SOURCE MATERIAL START

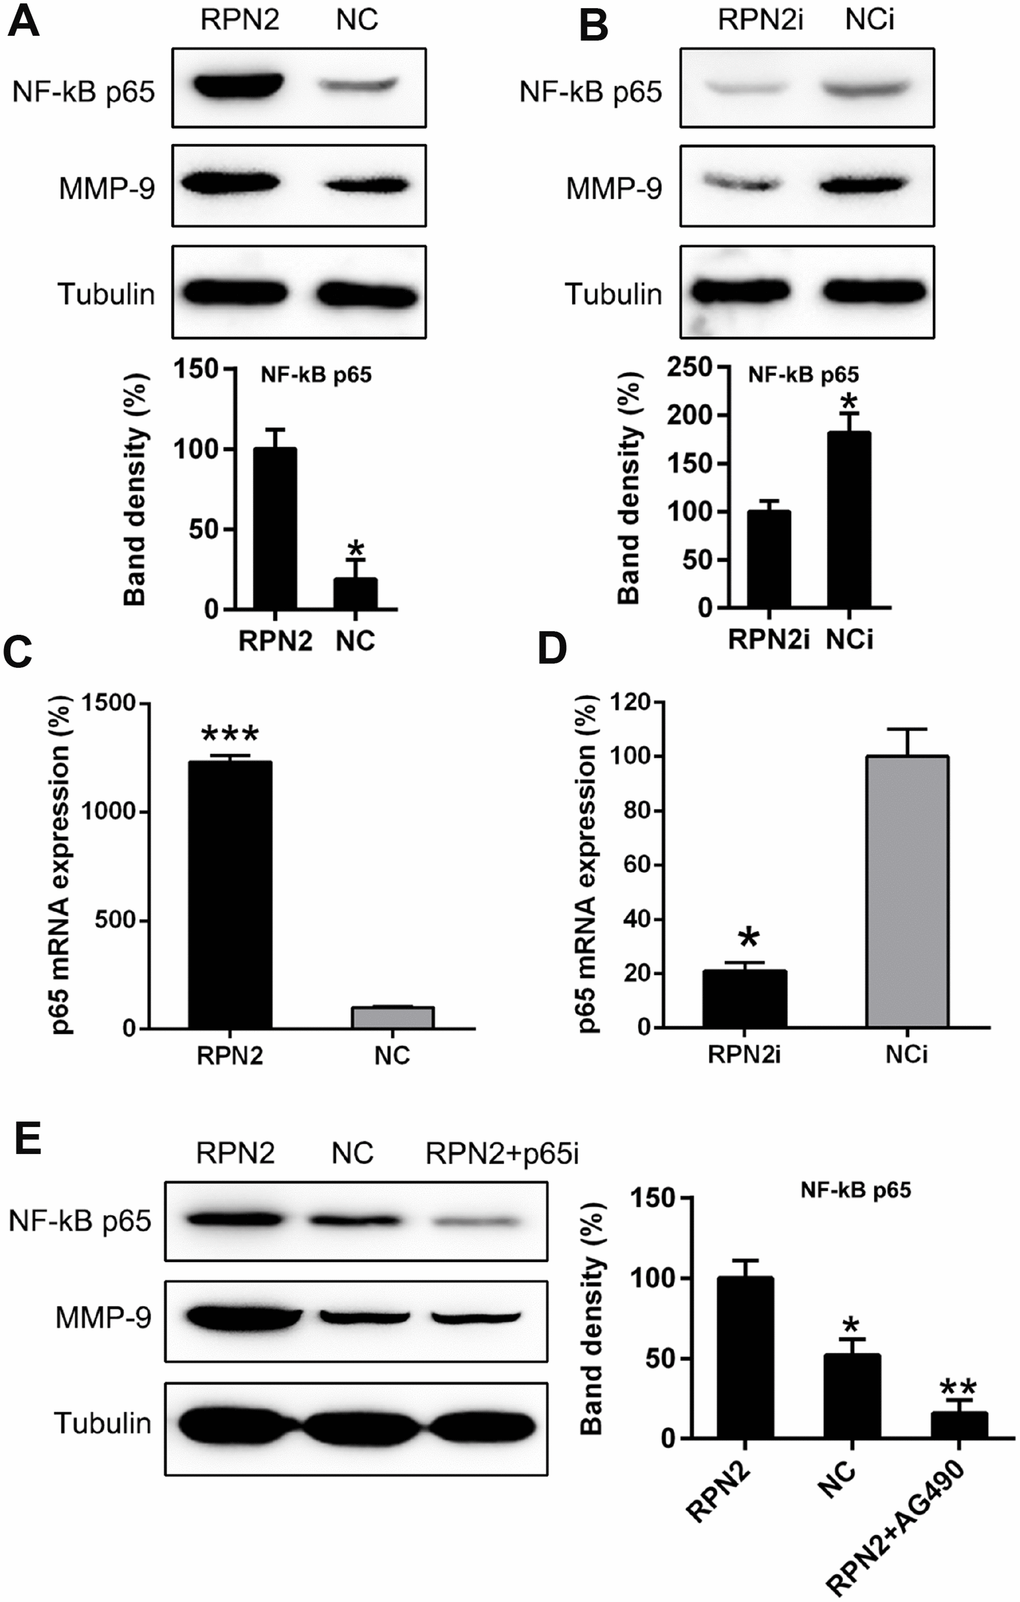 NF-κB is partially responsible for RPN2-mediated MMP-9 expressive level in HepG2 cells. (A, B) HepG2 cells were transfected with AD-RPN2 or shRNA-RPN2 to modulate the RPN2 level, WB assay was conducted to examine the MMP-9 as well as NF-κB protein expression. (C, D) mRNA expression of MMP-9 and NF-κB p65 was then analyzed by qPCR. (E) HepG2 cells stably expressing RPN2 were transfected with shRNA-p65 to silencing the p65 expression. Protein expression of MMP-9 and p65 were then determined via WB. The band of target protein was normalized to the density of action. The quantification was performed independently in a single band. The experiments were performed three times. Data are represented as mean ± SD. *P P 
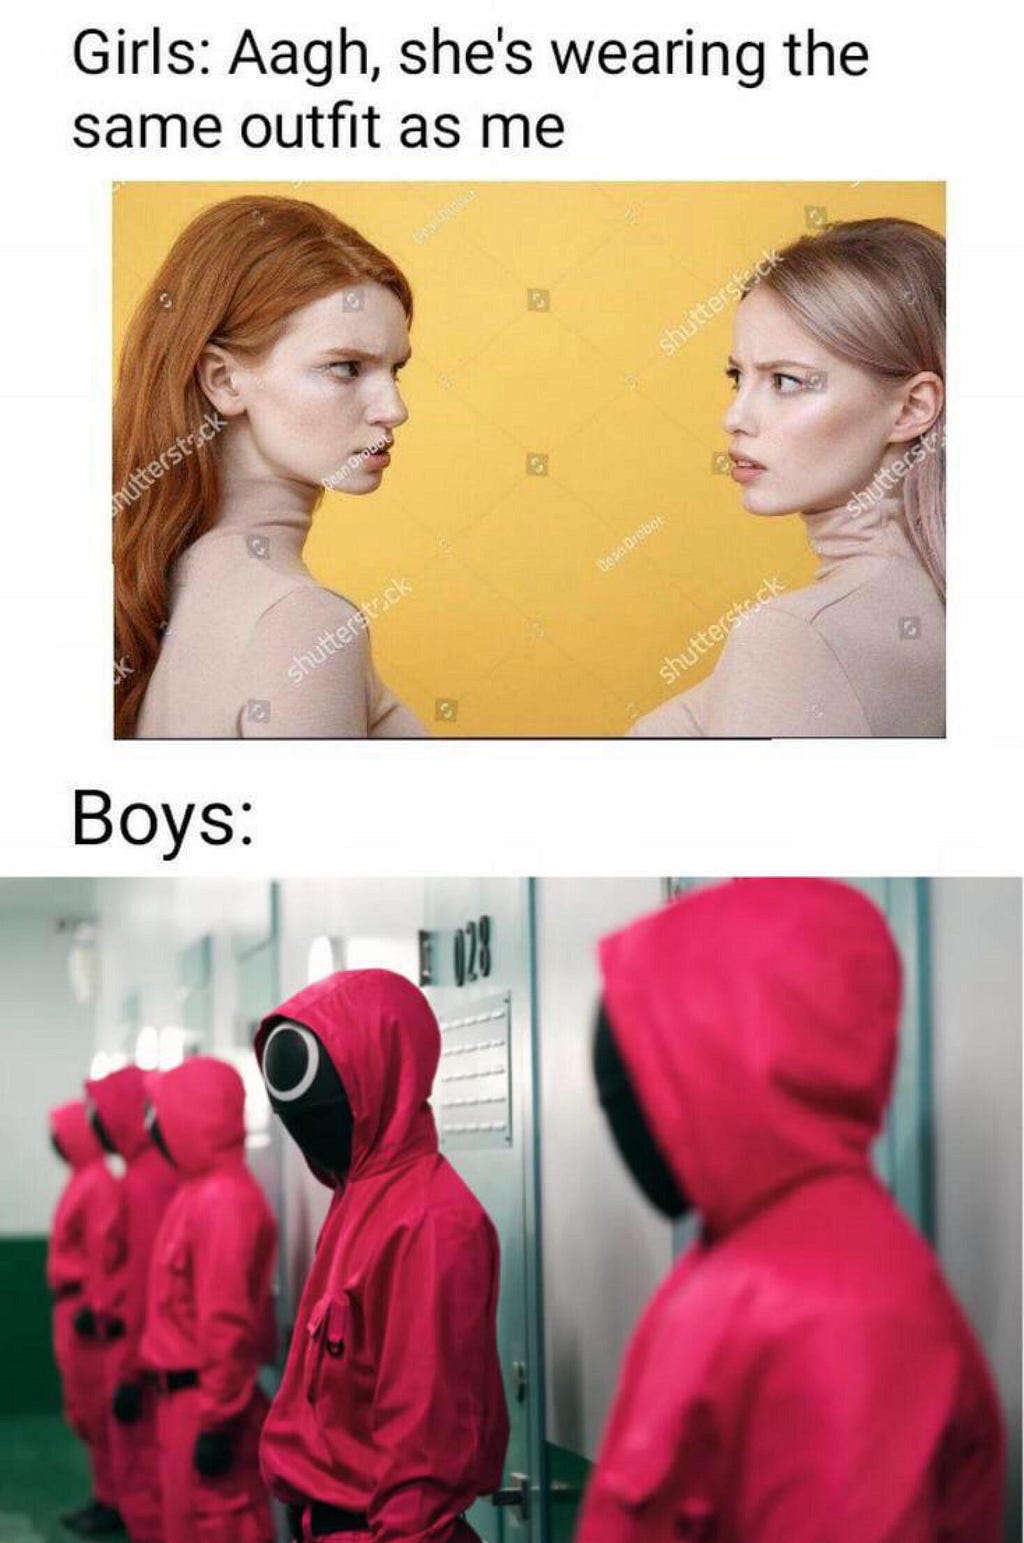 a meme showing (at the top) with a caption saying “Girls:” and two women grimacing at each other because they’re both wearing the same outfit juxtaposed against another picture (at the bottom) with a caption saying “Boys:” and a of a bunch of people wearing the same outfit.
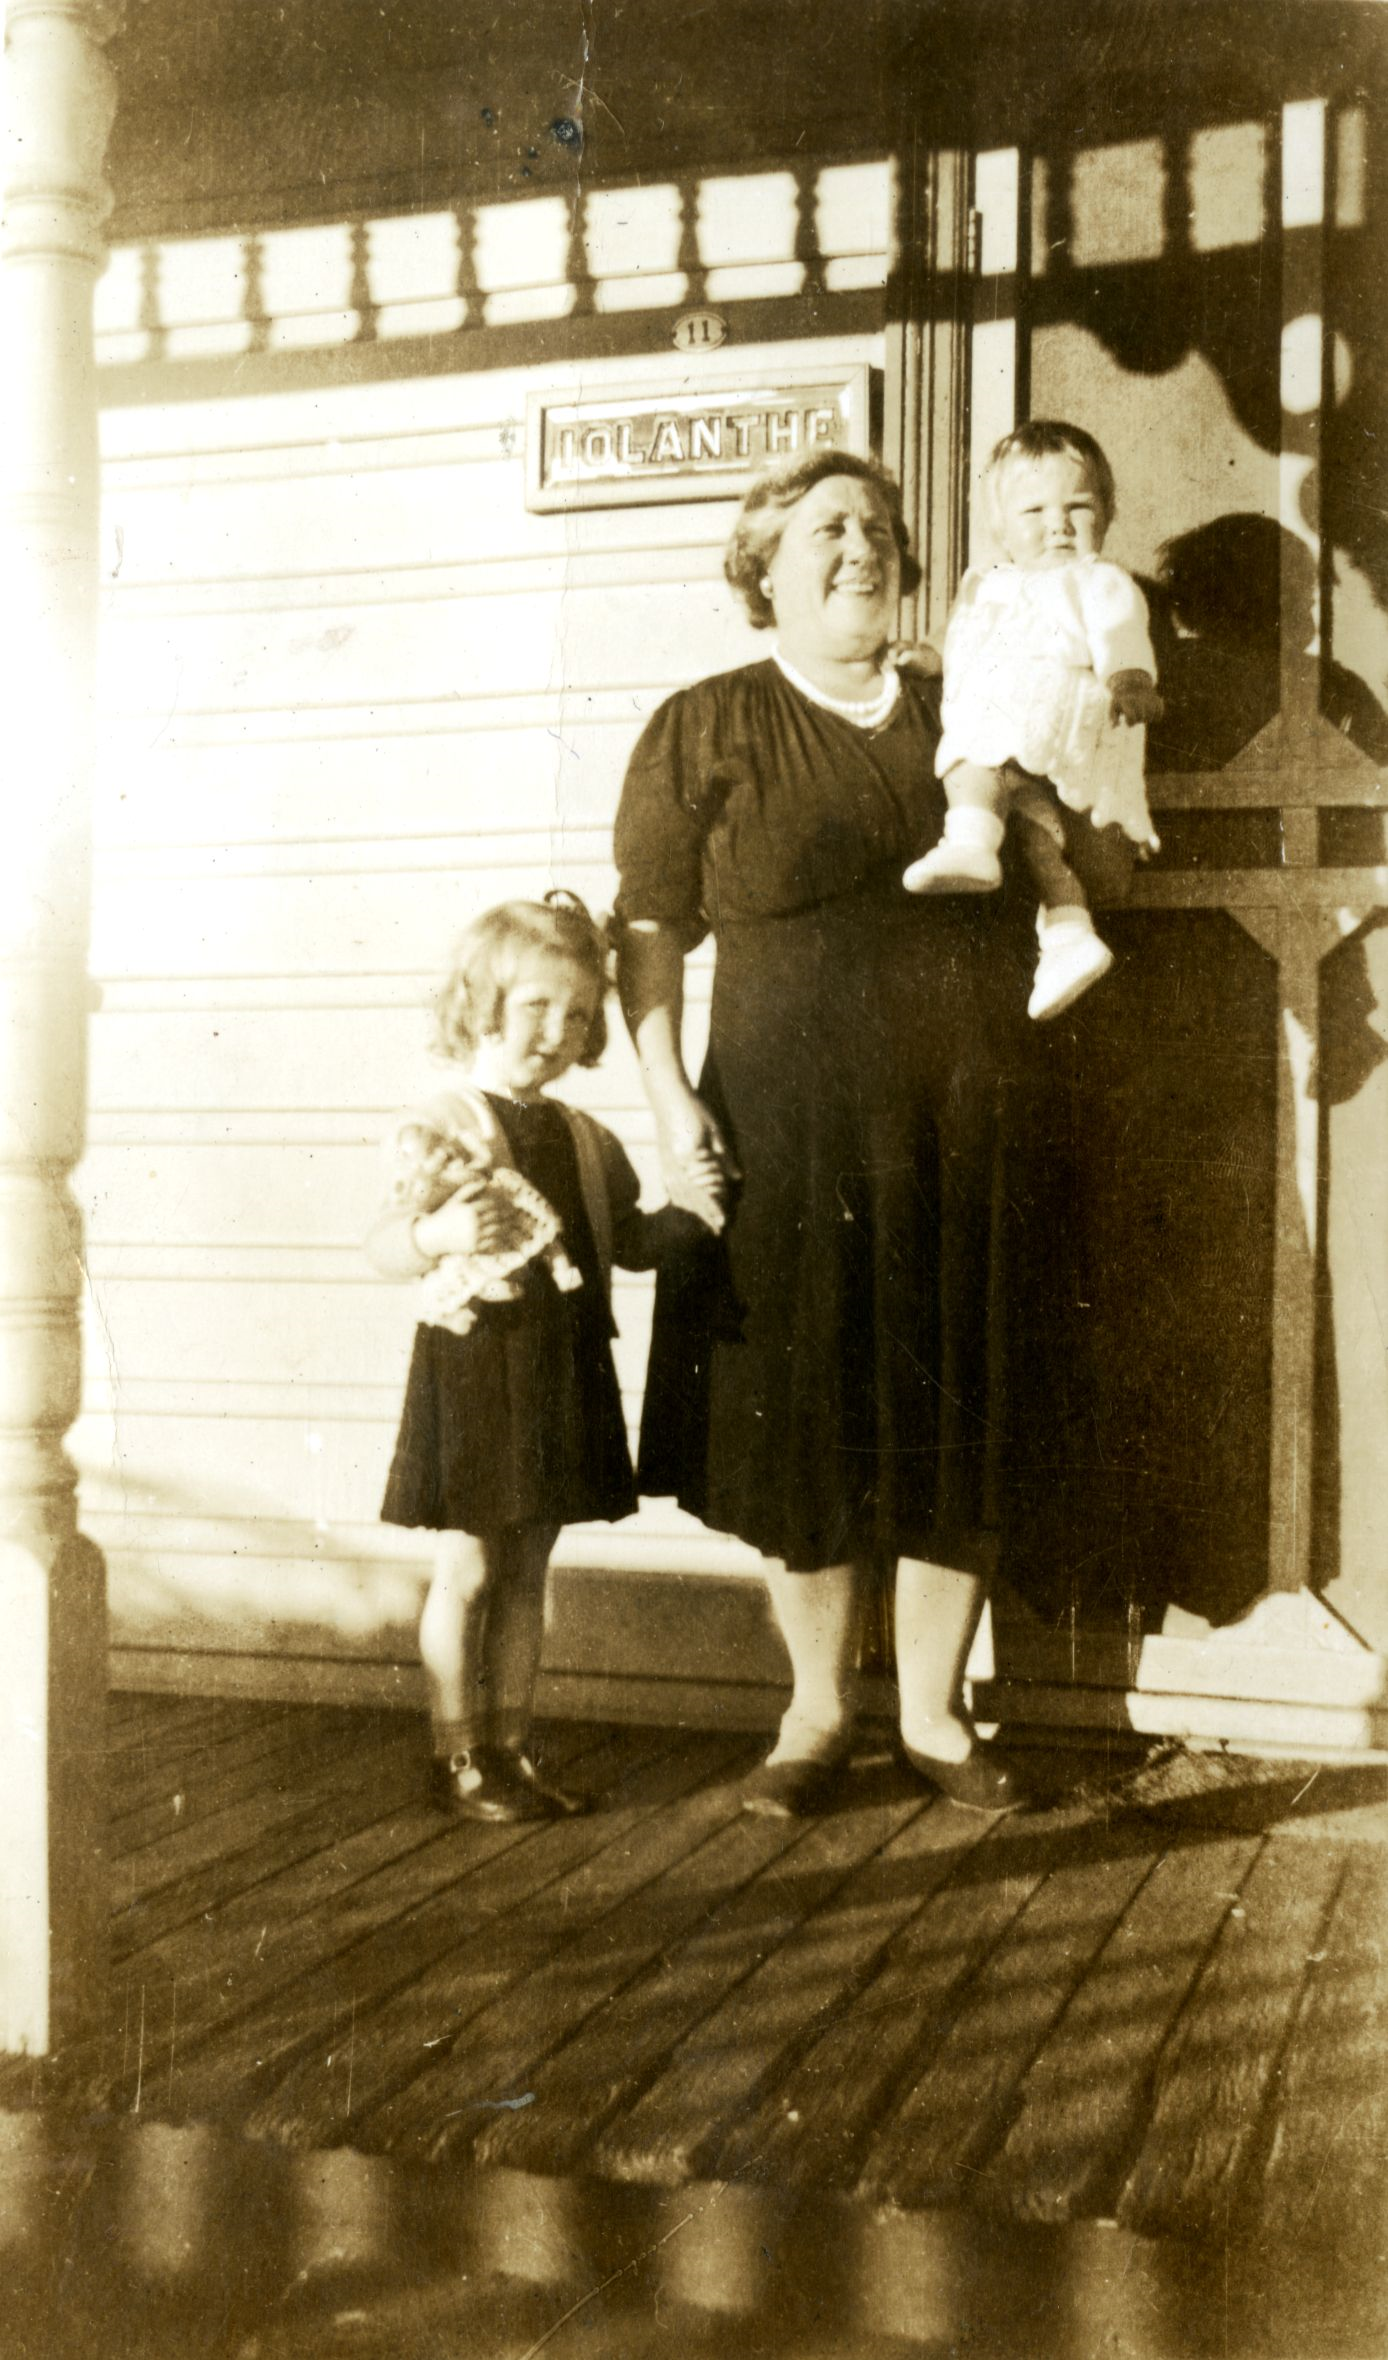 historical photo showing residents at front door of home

SOURCE MATERIAL END

→ **WORK ORDER**:
Output verbatim the lines beginning at the line with "a meme showing" and ending at the last line of the material above, inclusive. Do not carry over any pictures.

→ **TASK ANSWER**:
 a meme showing (at the top) with a caption saying “Girls:” and two women grimacing at each other because they’re both wearing the same outfit juxtaposed against another picture (at the bottom) with a caption saying “Boys:” and a of a bunch of people wearing the same outfit.
 historical photo showing residents at front door of home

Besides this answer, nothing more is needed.